INPUT DATA:
---
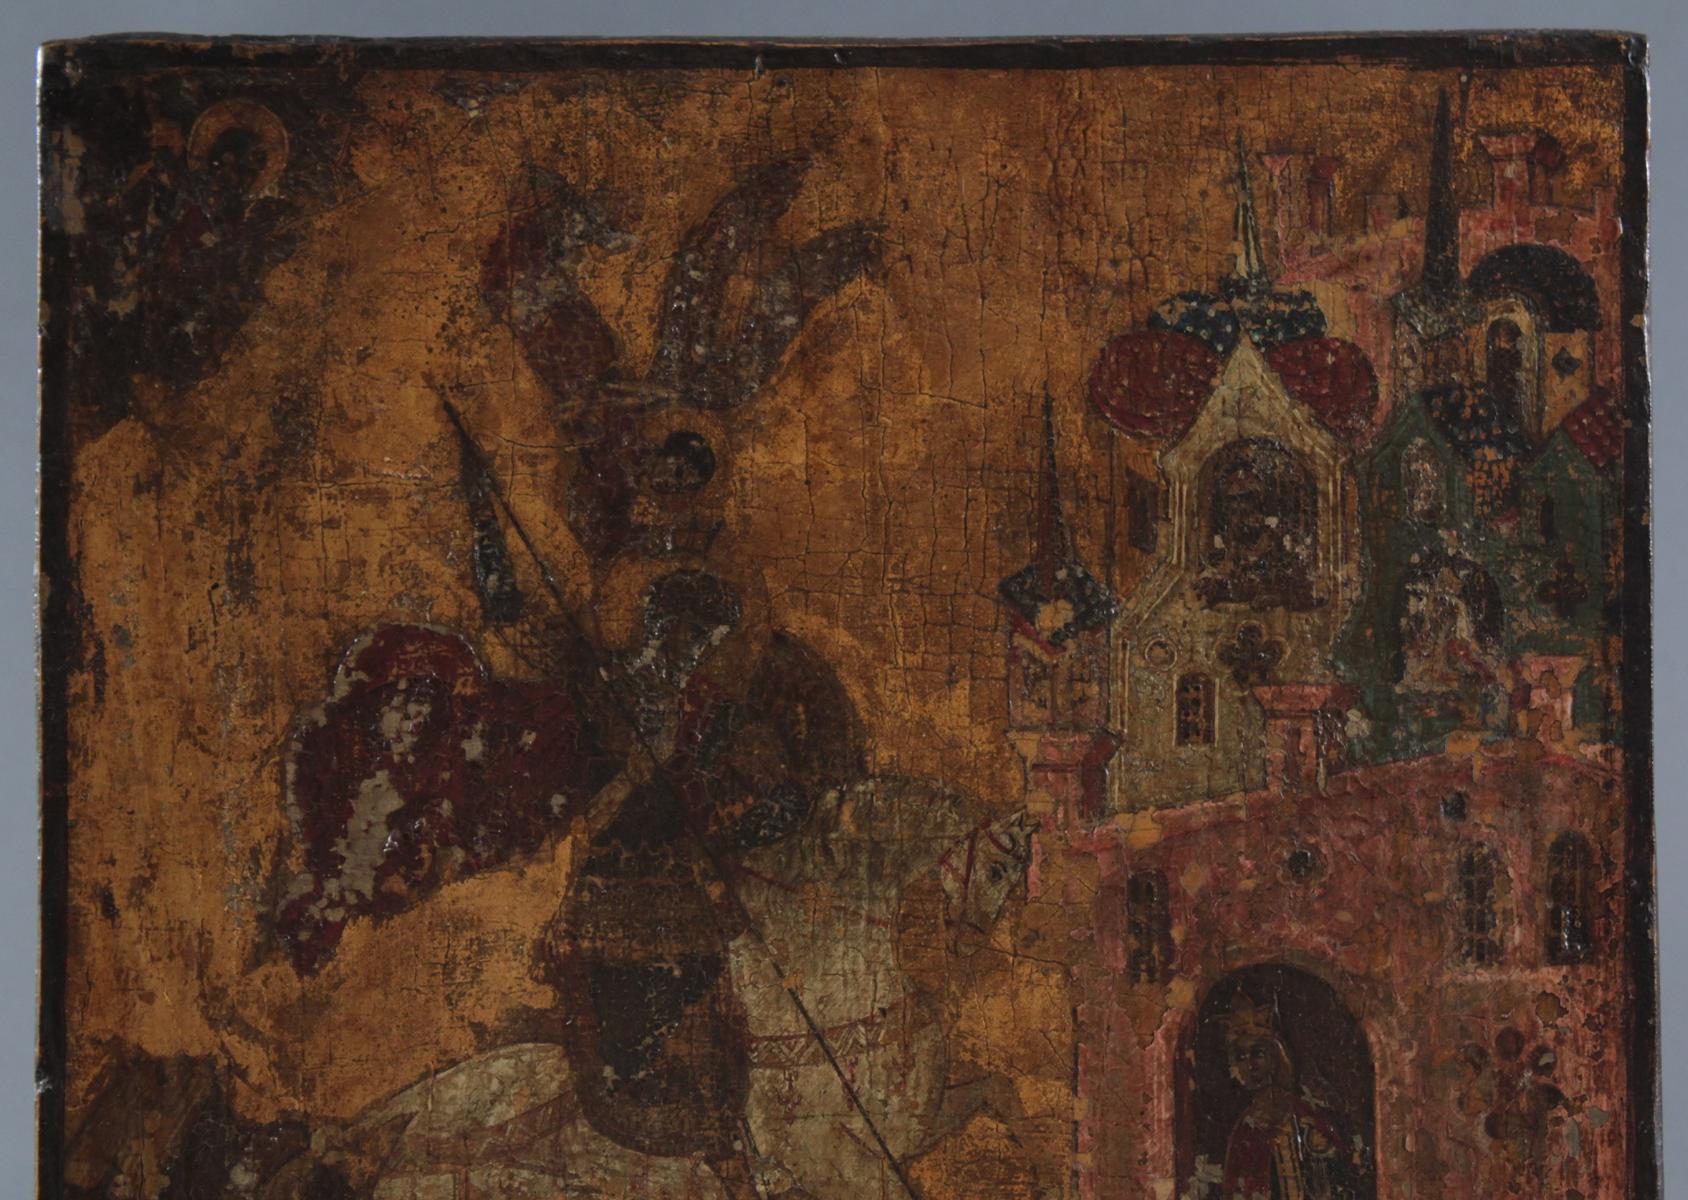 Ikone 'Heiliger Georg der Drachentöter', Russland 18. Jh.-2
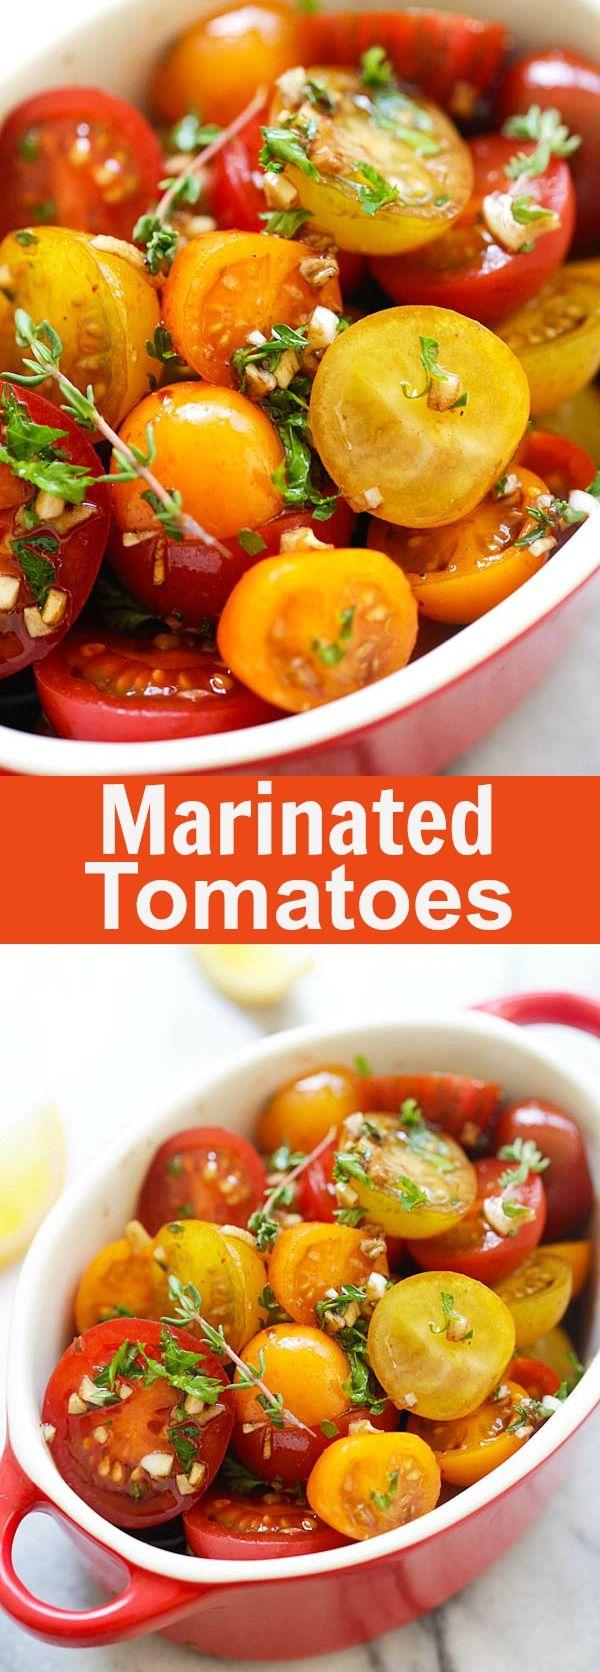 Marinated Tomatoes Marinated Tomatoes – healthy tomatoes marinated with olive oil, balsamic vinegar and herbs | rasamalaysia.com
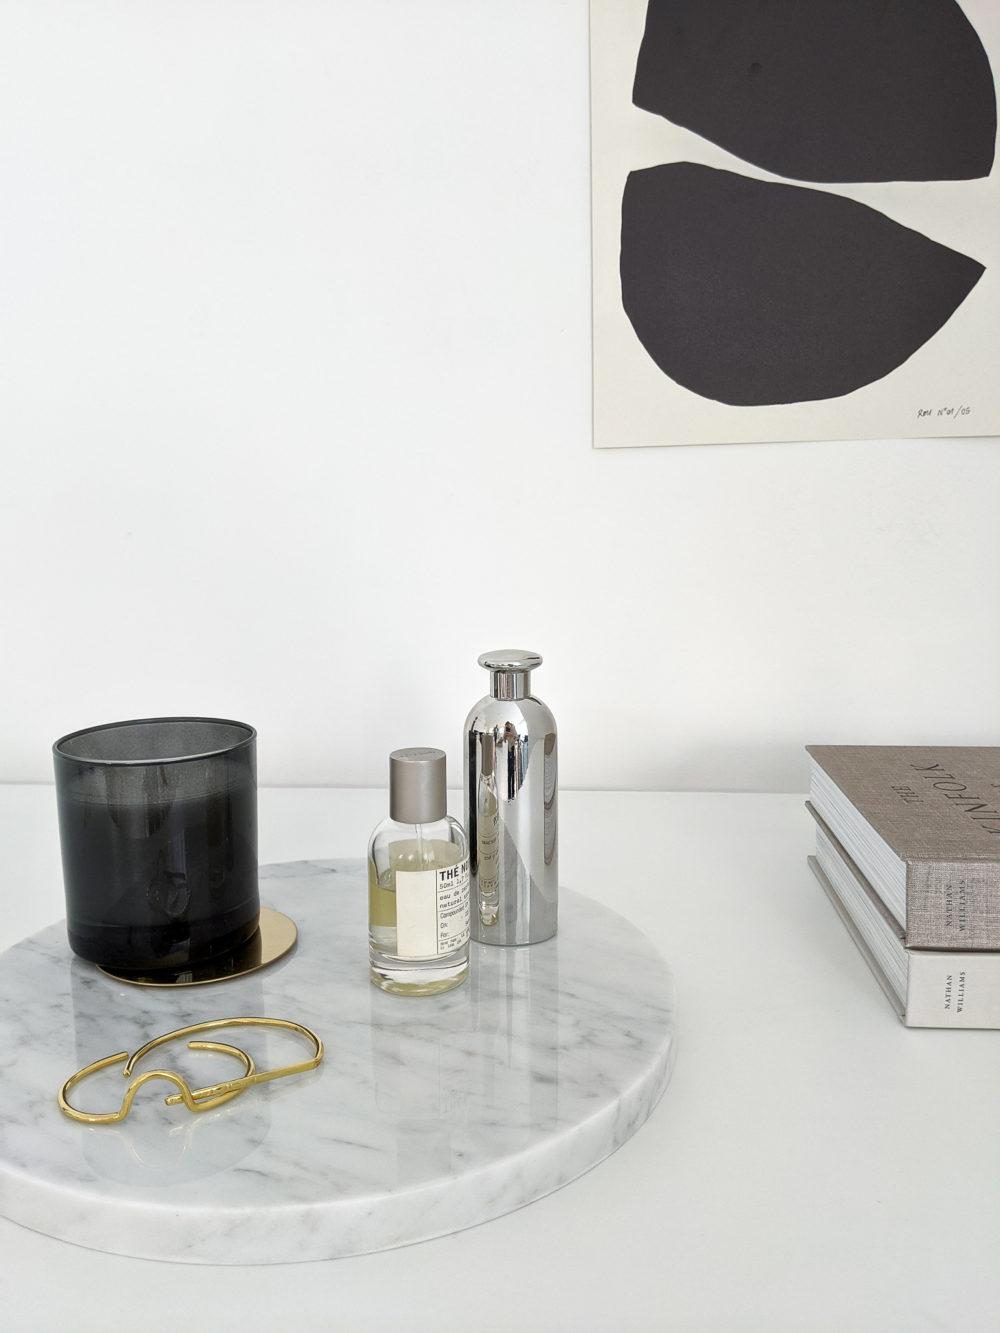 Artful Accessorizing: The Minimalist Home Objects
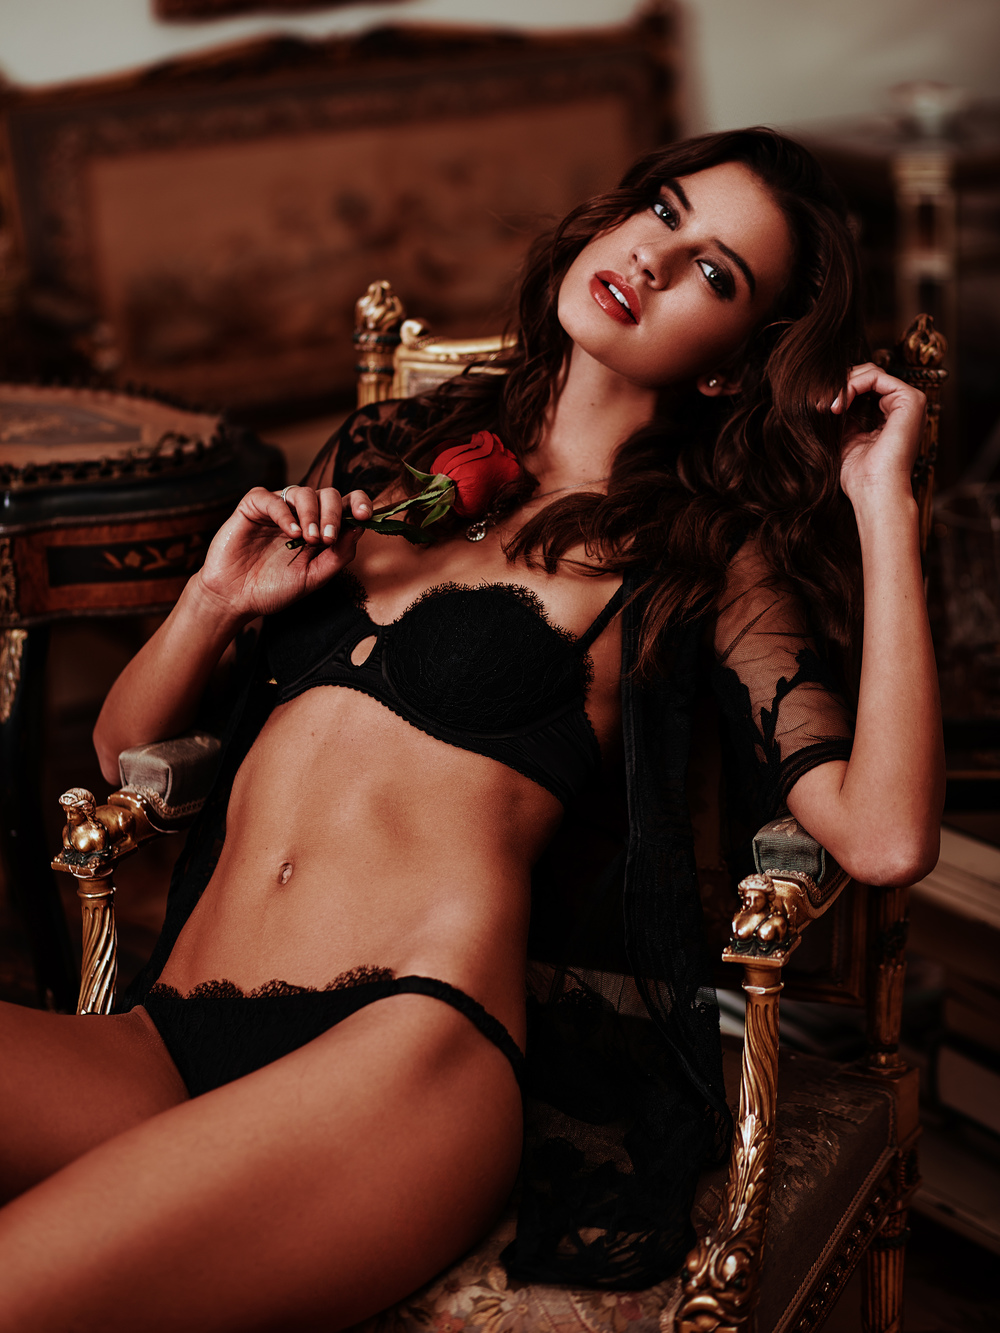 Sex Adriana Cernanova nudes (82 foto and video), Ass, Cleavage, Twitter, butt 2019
---
WHAT NEEDS TO BE DONE:
Exactly as they appear above, print all the lines, but not the pictures.

FINISHED TASK:
 Ikone 'Heiliger Georg der Drachentöter', Russland 18. Jh.-2
 Marinated Tomatoes Marinated Tomatoes – healthy tomatoes marinated with olive oil, balsamic vinegar and herbs | rasamalaysia.com
 Artful Accessorizing: The Minimalist Home Objects
 Sex Adriana Cernanova nudes (82 foto and video), Ass, Cleavage, Twitter, butt 2019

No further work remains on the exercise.